▸ Provided records:
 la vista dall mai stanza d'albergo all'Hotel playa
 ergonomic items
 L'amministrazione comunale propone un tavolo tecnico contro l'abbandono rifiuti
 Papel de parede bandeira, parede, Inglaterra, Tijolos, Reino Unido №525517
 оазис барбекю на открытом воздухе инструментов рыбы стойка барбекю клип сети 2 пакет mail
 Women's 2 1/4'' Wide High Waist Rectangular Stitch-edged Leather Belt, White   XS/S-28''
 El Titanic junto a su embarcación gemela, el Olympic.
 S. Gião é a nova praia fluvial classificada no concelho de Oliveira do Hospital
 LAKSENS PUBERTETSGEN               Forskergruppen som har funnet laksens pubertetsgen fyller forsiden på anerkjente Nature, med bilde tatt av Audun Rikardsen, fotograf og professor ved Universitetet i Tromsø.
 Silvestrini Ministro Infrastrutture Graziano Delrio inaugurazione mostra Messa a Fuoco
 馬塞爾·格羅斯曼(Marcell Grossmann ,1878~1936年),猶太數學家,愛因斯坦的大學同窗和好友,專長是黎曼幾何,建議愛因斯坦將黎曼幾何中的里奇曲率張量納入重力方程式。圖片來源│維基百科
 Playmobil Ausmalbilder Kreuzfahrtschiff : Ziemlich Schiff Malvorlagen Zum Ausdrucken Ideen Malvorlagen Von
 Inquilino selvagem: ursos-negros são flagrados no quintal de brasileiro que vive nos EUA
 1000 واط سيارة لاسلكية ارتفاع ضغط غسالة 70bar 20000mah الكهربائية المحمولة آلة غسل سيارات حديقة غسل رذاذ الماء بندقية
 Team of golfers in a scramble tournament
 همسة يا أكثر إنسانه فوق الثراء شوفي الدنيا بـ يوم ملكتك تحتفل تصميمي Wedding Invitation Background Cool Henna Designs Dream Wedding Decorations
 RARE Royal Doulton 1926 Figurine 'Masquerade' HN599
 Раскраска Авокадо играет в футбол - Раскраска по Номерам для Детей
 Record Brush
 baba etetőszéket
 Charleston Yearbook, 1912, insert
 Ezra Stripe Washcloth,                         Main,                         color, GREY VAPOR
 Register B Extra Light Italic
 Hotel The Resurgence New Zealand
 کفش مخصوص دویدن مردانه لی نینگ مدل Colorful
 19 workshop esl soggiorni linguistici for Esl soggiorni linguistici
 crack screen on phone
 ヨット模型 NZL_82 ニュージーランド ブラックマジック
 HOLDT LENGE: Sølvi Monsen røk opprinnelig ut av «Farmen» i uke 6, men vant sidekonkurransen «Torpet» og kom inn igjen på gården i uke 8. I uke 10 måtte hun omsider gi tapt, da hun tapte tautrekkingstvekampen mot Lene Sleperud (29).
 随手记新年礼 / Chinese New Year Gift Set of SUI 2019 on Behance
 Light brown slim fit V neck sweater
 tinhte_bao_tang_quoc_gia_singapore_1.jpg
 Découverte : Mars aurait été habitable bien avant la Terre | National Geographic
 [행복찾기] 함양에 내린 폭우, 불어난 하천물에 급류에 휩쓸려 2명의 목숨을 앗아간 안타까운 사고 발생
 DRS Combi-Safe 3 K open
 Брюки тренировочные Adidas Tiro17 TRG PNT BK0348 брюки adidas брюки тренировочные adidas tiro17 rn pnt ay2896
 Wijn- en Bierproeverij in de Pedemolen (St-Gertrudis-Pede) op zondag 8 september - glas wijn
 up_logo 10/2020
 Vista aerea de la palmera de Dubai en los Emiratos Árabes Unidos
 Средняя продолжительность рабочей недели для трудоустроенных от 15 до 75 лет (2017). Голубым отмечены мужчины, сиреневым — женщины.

▸ What you need to do: Your reply must be one number: the count of lines in the records above that contain the string "Hotel".

▸ Output for this exercise: 2